Grad student is destressing

Wow. Ok. So. It’s been a while.

In my defense, it’s been busy. But — wait for it — my thesis proposal has been accepted!!!! Aw yiss.

Of course this means I have to write the damn thing, but I’ll cross that bridge when I come to it, savvy?

Anyhow, so there’s that and now my term paper which I’ve just started researching and my brain cannot brain all the time so I need Time Out.

And strangely that Time Out has taken me back down the Once Upon a Time lane. Ever heard of that show? Well, season 1 was BLOODY FREAKING BRILLIANT. Season 2 was ok — very flawed, but ok. Then Season 3 hit and it was ok, still very flawed, but ok…up until they killed off a very significant character by the name of Neal Cassidy. And then my care level just dropped because the series literally started to spiral out of control, and not in a good way. I’m watching season 4 now as it airs, but the internetz and my own writing got me thinking and so I started re-watching season 2. It’s definitely not as good as season 1, but it’s a hell of a lot better than what’s going on right now.

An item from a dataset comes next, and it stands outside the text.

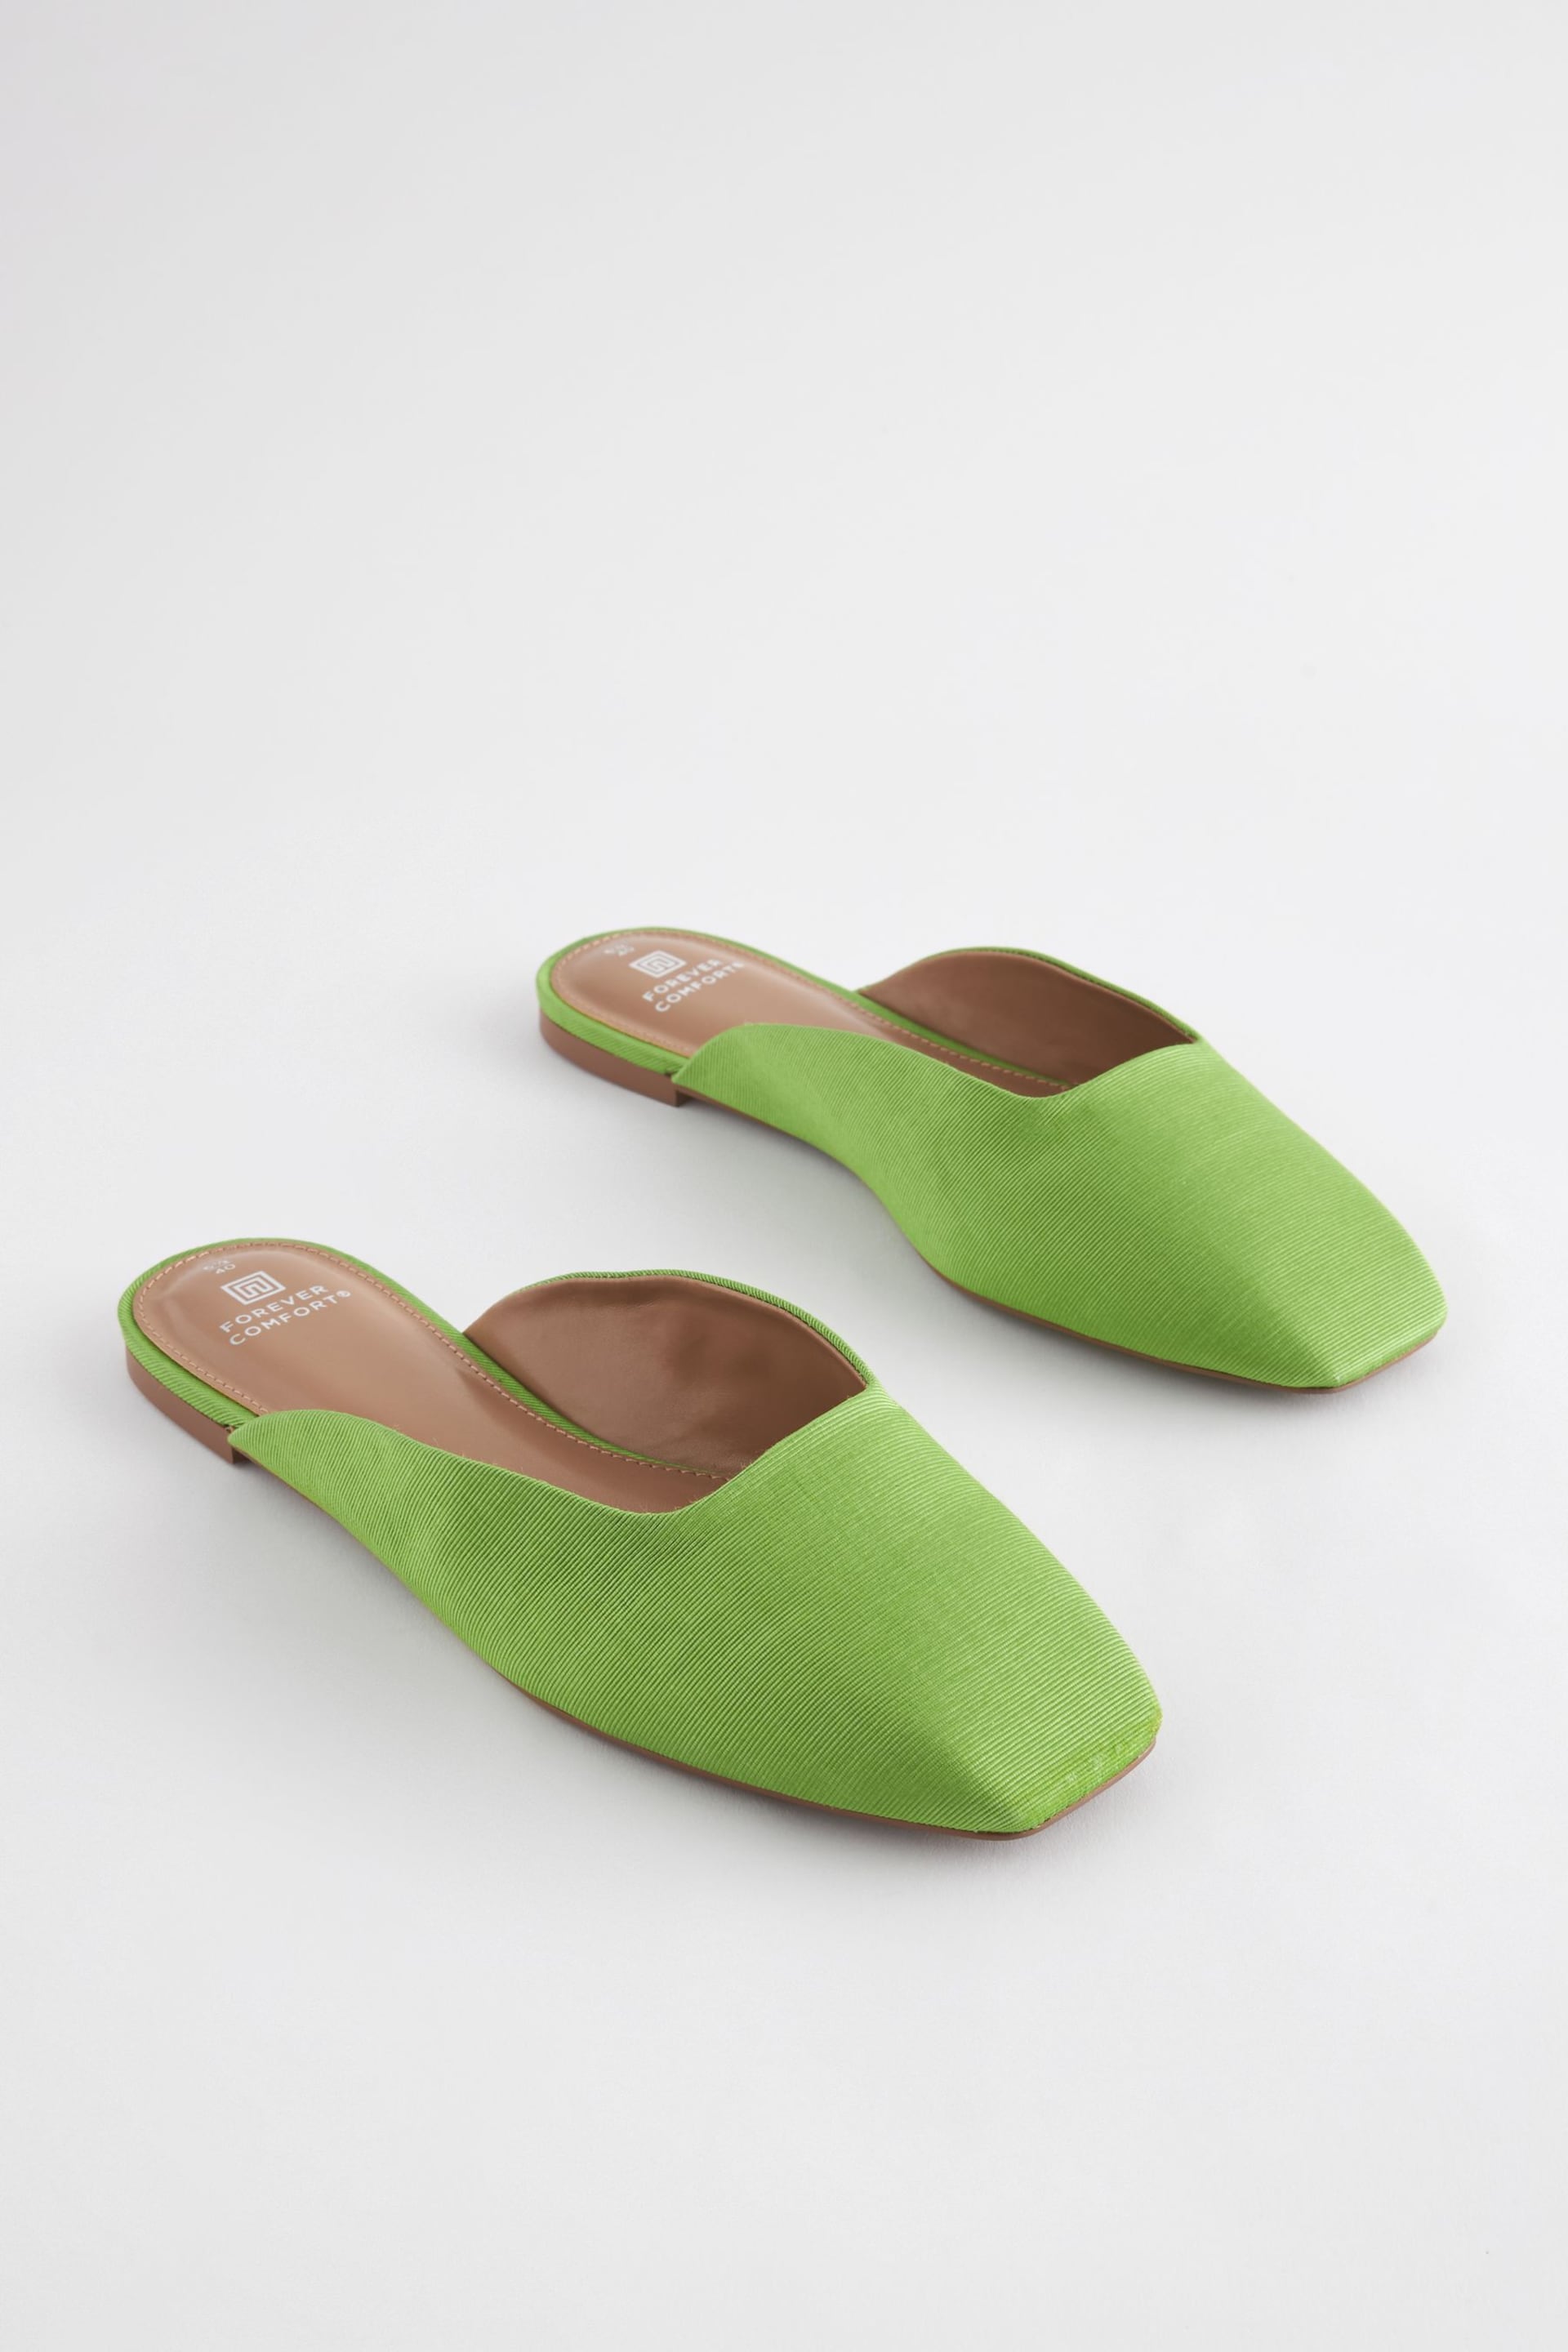 Green Forever Comfort® Square Toe Mules - Image 4 of 8

And as I’m watching…I’m falling in love with Neal Cassidy all over again. He was such an amazing character and killing him off was lazy writing. He had so much story left to tell: he had to be a father to Henry, he had to work out his relationship with his father, he and Emma deserved a second chance — their story was not over yet. Tallahassee and Manhattan remain two of my favourite episodes from that season — there was some damn fine writing there, and I still can’t believe the writers through it all away in the name of fan service.

Here was a character who was not whitewashed. We saw his mistakes and, what’s more, he admitted to those mistakes. He didn’t try to excuse them. He wanted to do better. He loved his son. He loved Emma and treated her with respect, giving her space, never forcing himself on her. He was a good man.

And this moment (S3) gets me every time:

Swanfire is everything.

It irritates me when writers take shortcuts. And Neal’s death was definitely a shortcut. He was a complex character, and the series, while definitely flawed before, is now that much poorer for his absence.